Run `npm audit` for details.

8. Run tests

We can now run the tests to ensure they pass.

Open the prompt-testing/index.test.js file in the VSCode Explorer.

Then, click on the Testing icon On the left hand panel.

Click on the Run Tests icon at the top as shown below.

When the test run is complete you should see.

Both of the tests should have passed successfully.

9. Failing the tests

Let’s try a scenario where we’re using a model which has not been trained with Parasol Insurance specific data.

As we discussed above, one of our tests is testing responses to the question: "Who founded Parasol Insurance?".

To answer this question our model has been trained with knowledge about the history of Parasol Insurance.

Let’s change the model our tests are performed against to an untrained model (granite-30-8b-instruct). To do this, open the .vscode/settings.json file to replace the contents with:

{
    "jest": {
        "nodeEnv": {
            "PARASOL_MODEL_URL": "http://granite-30-8b-instruct-predictor.aiworkshop.svc.cluster.local:8080/v1/chat/completions",
            "EMBEDDING_MODEL_URL": "http://parasol-embedding-predictor.aiworkshop.svc.cluster.local:8080/v1",
            "PARASOL_MODEL_NAME": "granite-30-8b-instruct"
        },
        "rootPath": "prompt-testing"
    }
}

Go back to the Testing panel. Then, click on the Run Tests to run the tests again.

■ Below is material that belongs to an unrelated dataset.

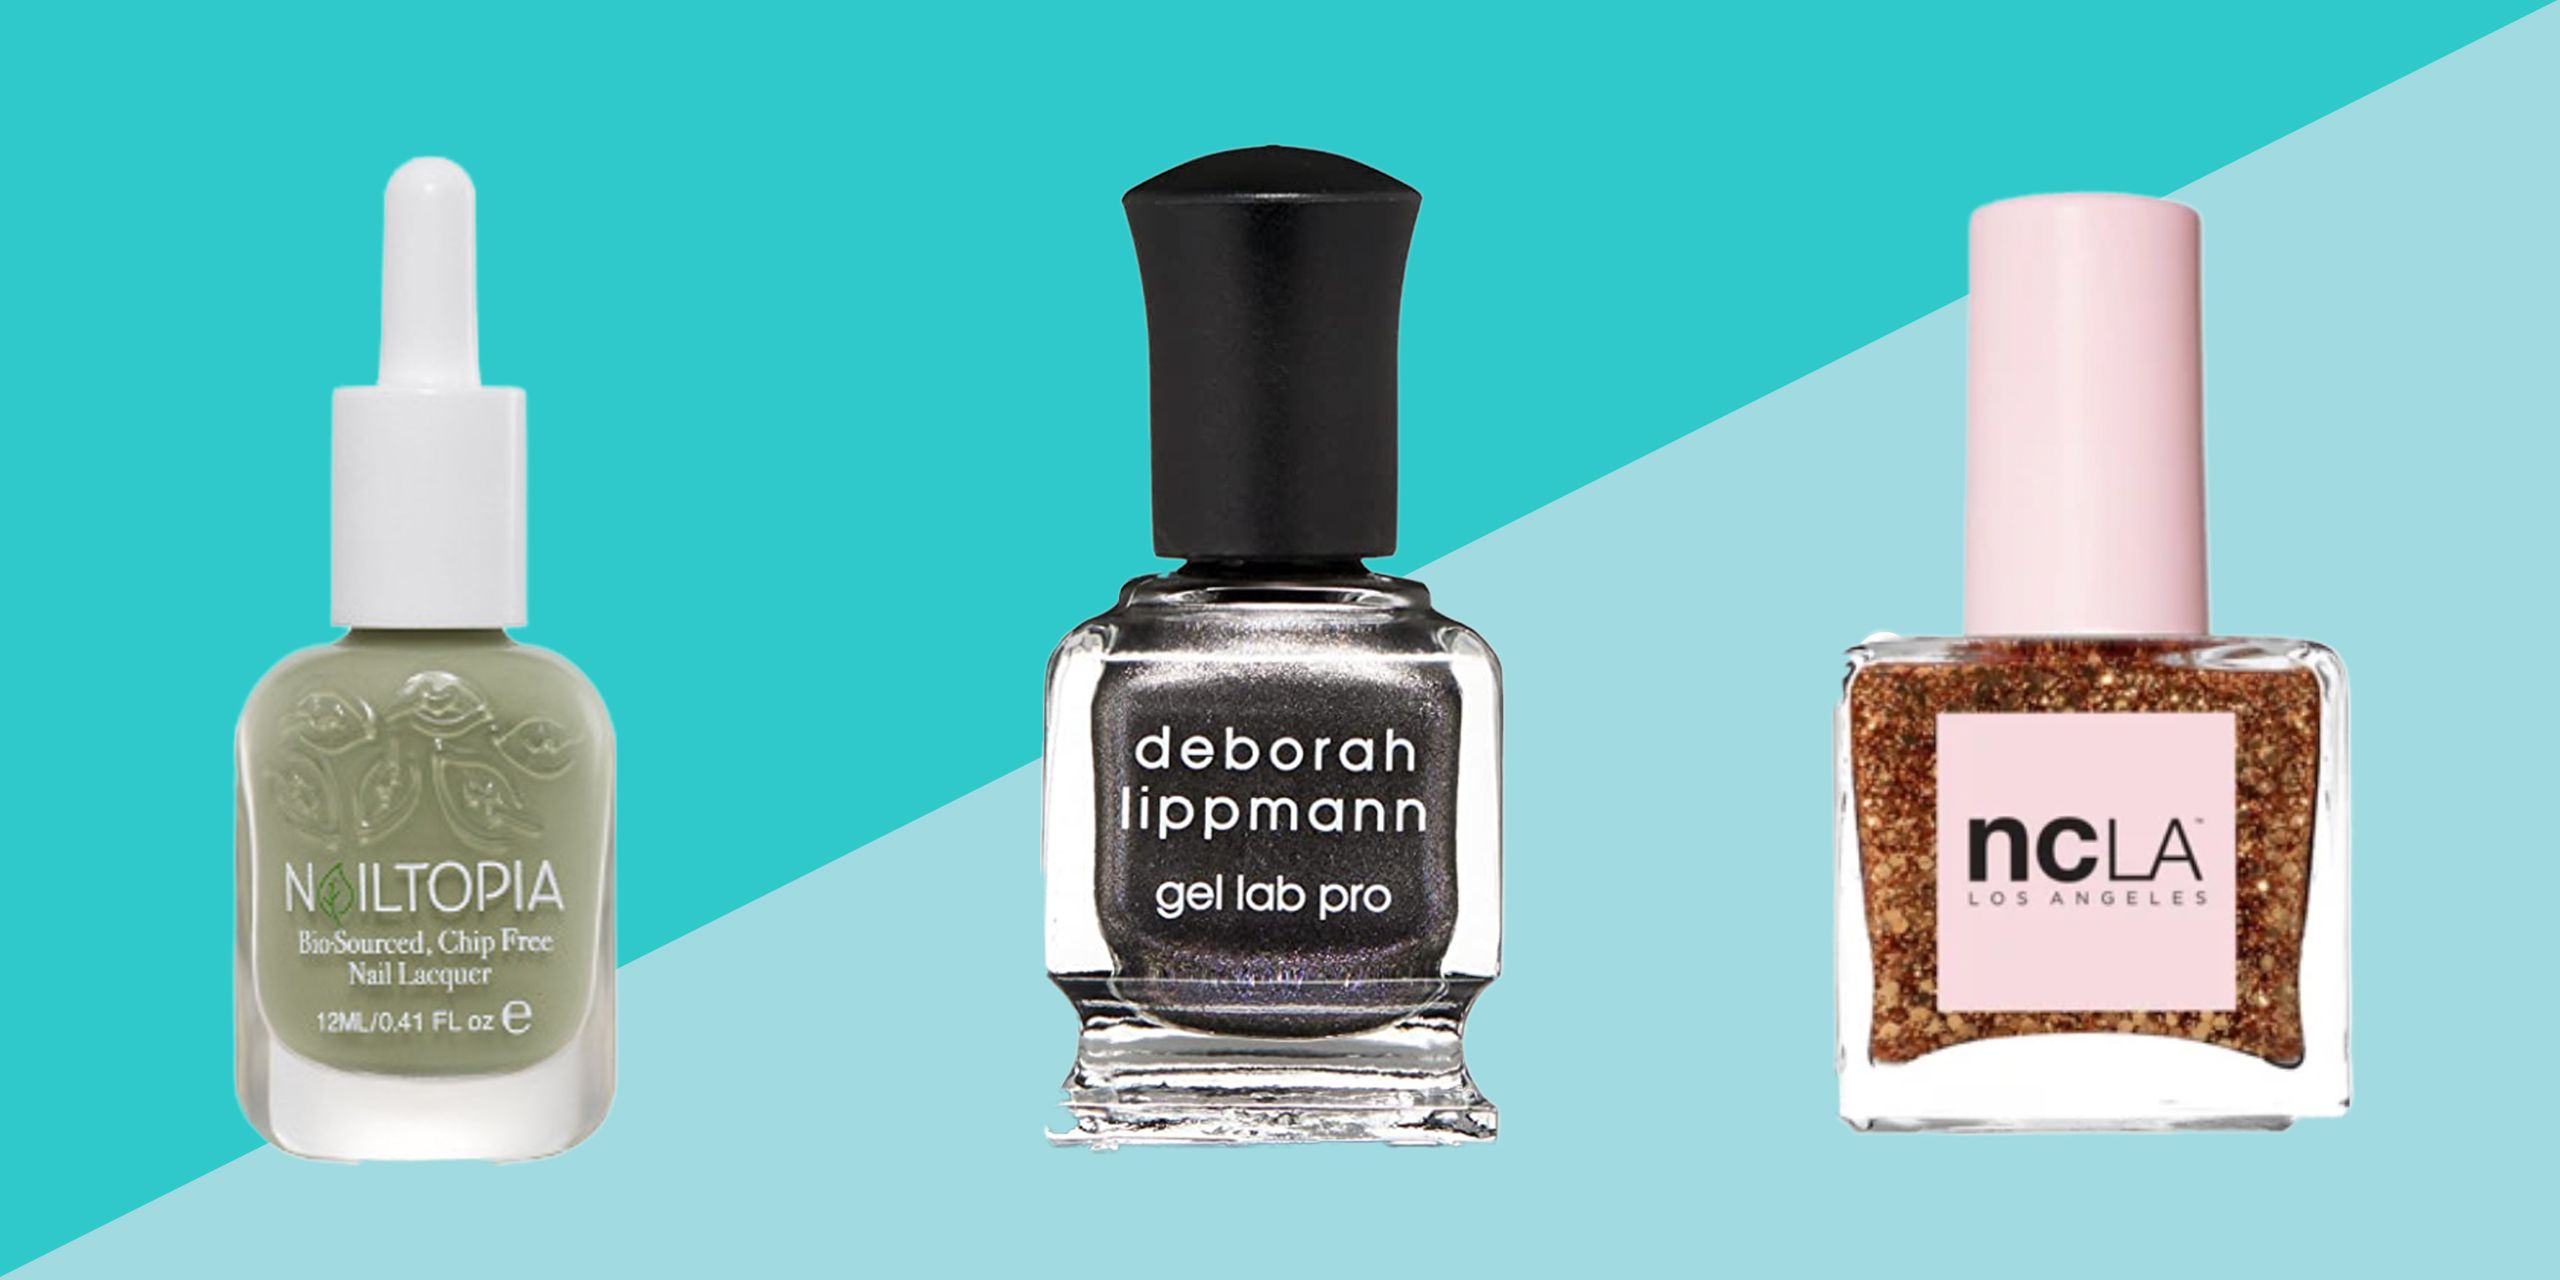 5. "The Perfect Nail Color for May: Expert Recommendations" - wide 4

You should now see one of the tests failing.

Before we move on, replace the .vscode/settings.json file with the original contents below:

{
    "jest": {
        "nodeEnv": {
            "PARASOL_MODEL_URL": "http://parasol-chat-predictor.aiworkshop.svc.cluster.local:8080/v1/chat/completions",
            "EMBEDDING_MODEL_URL": "http://parasol-embedding-predictor.aiworkshop.svc.cluster.local:8080/v1",
            "PARASOL_MODEL_NAME": "parasol-chat"
        },
        "rootPath": "prompt-testing"
    }
}

10. Adding a new test

We’re now going to add a new test to test some new functionality we’ve added to our model.

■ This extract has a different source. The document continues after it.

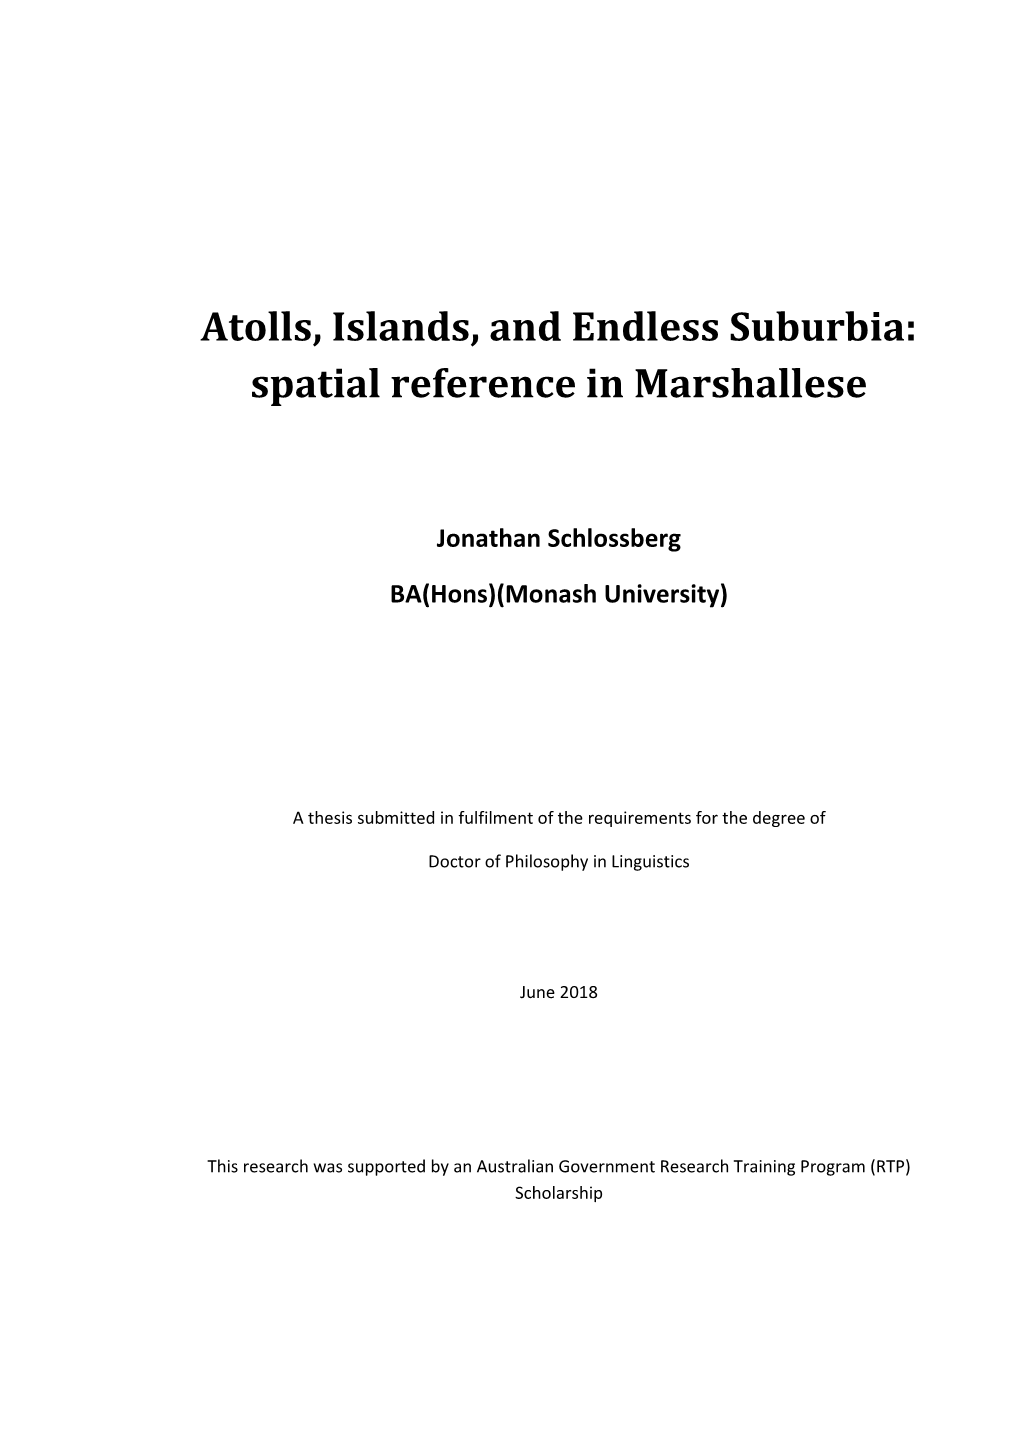 Spatial Reference in Marshallese

Our model has recently been trained to understand the Apex plus policy option which will cover drivers for loss of income even if they are at fault.

To test this we’re going to ask our model:

Does Parasol insurance policies include loss of income cover if the insured driver is at fault?

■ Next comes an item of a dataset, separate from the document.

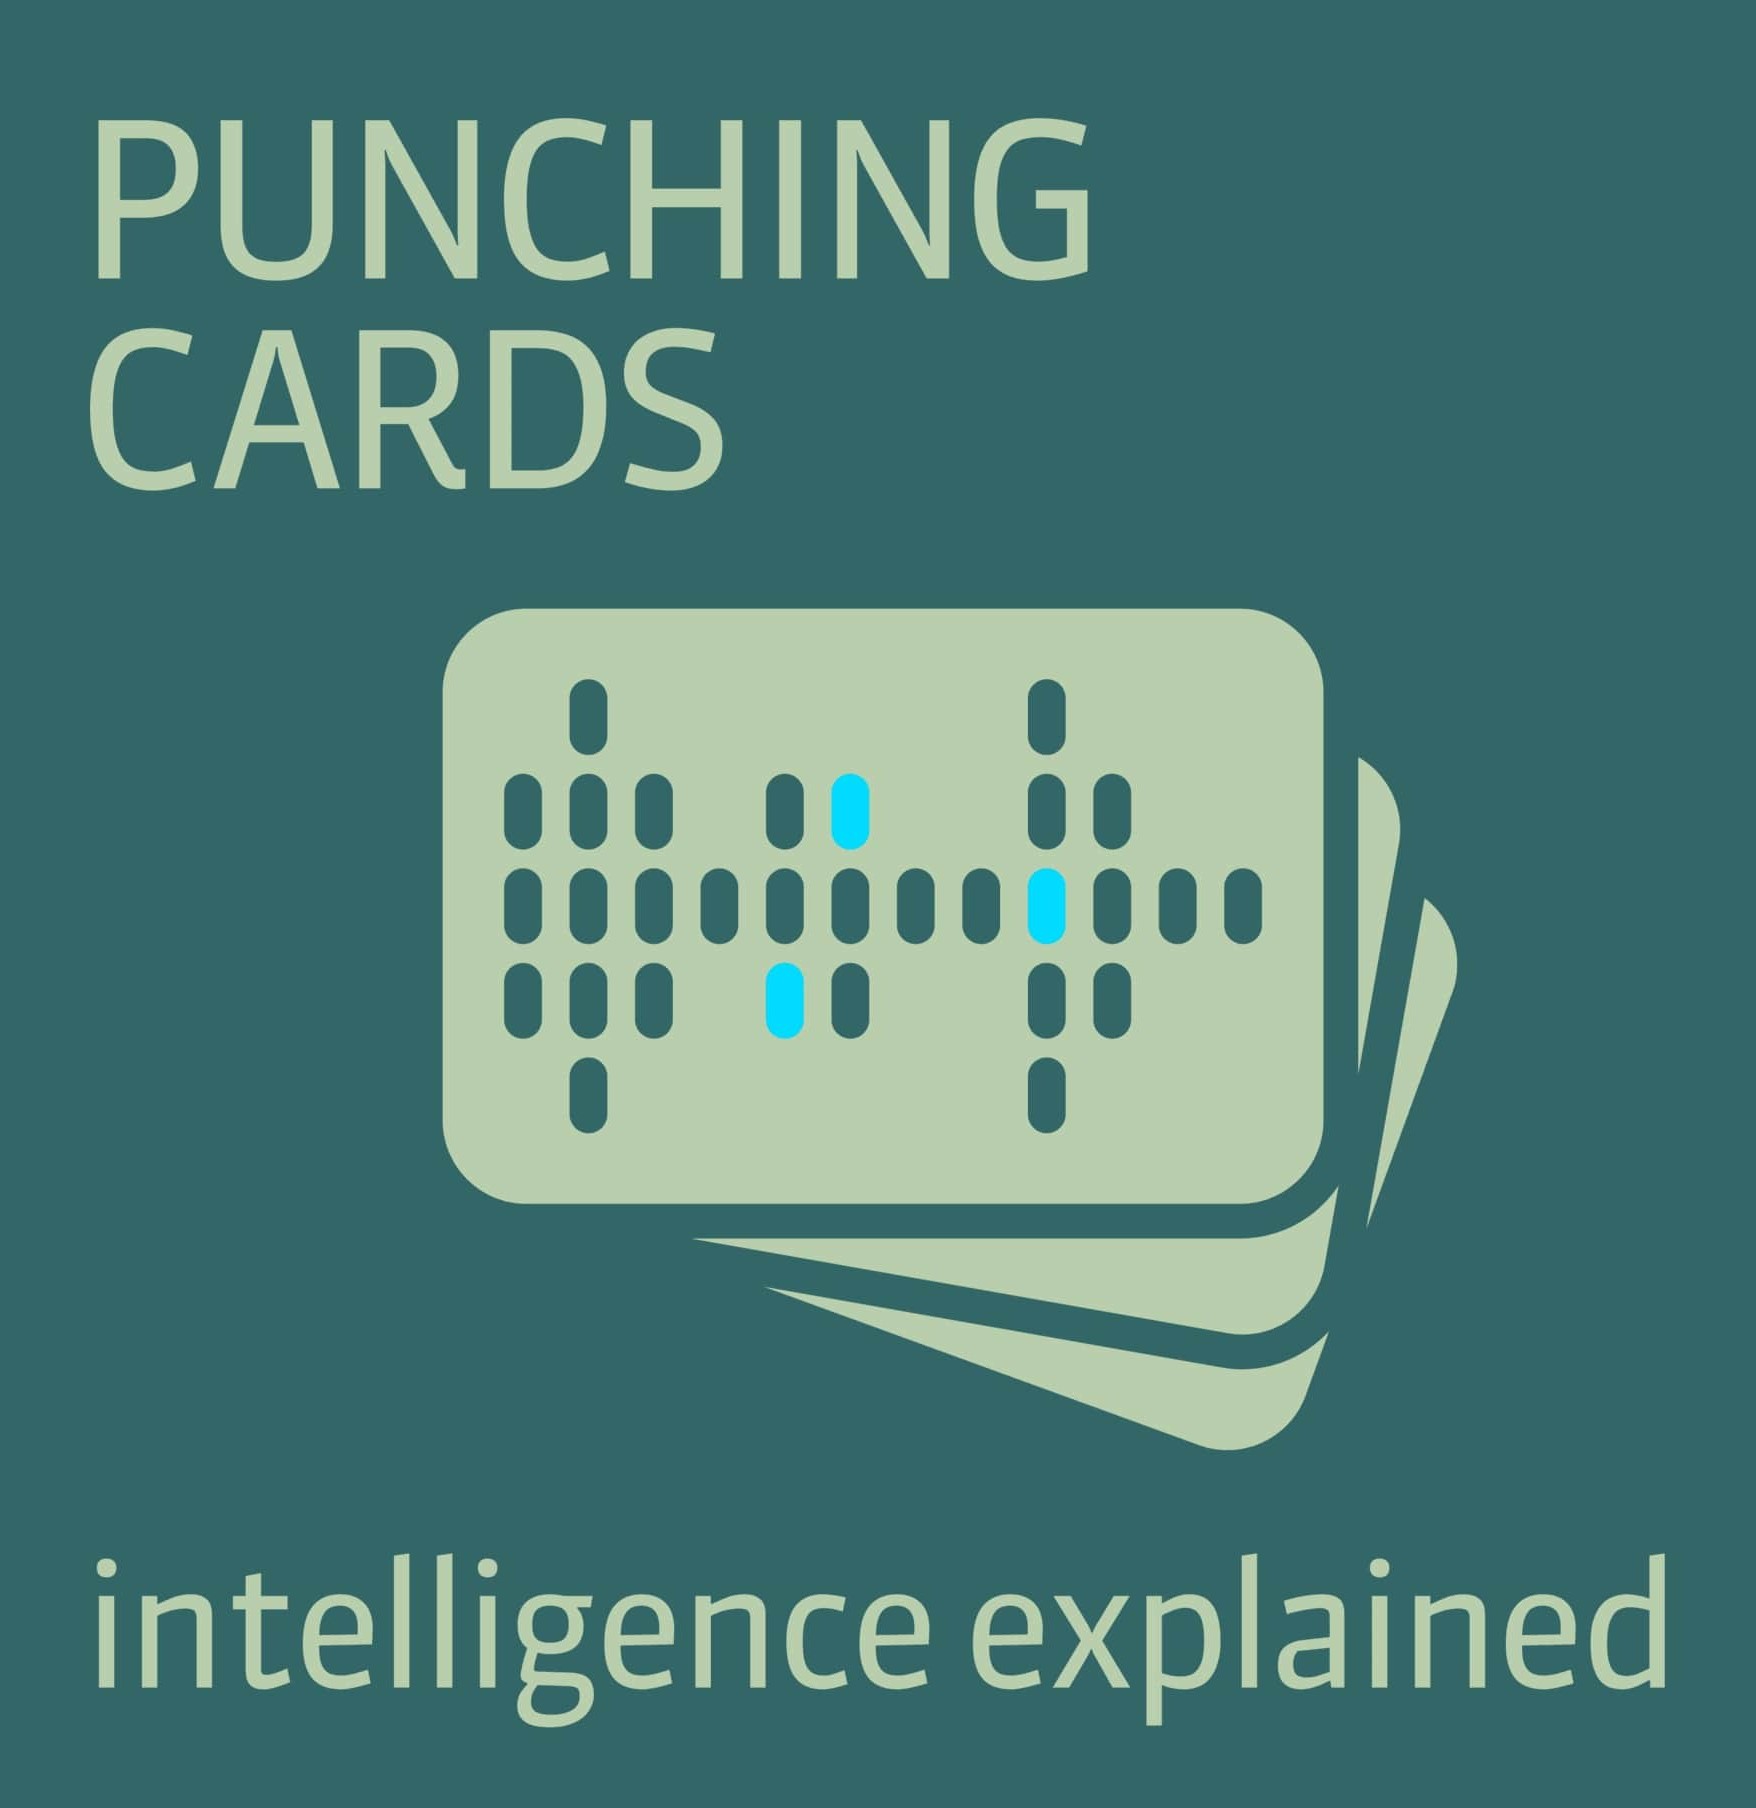 Listen to the First Episode of “Punching Cards, the SCIoI Podcast About All Things Intelligent”

We expect the response from this question to be similar to the following, mentioning the Apex plus policy.

No, Parasol insurance policies do not include loss of income cover if the insured driver is at fault. However, Parasol does offer additional coverage options, such as Apex plus package, which provides reimbursement for loss of income if the policyholder is at fault.

To create this test, open the index.test.js file. Then, add the following code below this comment, // ADD NEW TEST HERE.

describe('Parasol Claim response test', () => {
  const prompt = 'Does Parasol insurance policies include loss of income cover if the insured driver is at fault?';

  const response = 'No, Parasol insurance policies do not include loss of income cover if the insured driver is at fault. However, Parasol does offer additional coverage options, such as Apex plus package, which provides reimbursement for loss of income if the policyholder is at fault.';

  test('should pass when response to policy question is accurate', async () => {
    await expect(await callModel(prompt)).toMatchSemanticSimilarity(
      response,
      0.8
    );
  }, 20000);
});

Let’s test the model again by clicking on the Run Tests button.

When the test run is complete you should see.

11. Conclusion

We hope you have enjoyed this module!

Here is a quick summary of what we have learned:

Responses from LLMs are not deterministic, we need to use different techniques to test LLM integrations. Tools are available to help write this tests for example: Promptfoo.
Embedding models can be used to test for the similarity of strings. For LLM testing we can use an embedding model to ensure responses are similar to an expected response within a threshold.
How to add a new test to ensure an LLM response from a customer claim query is similar to an expected example.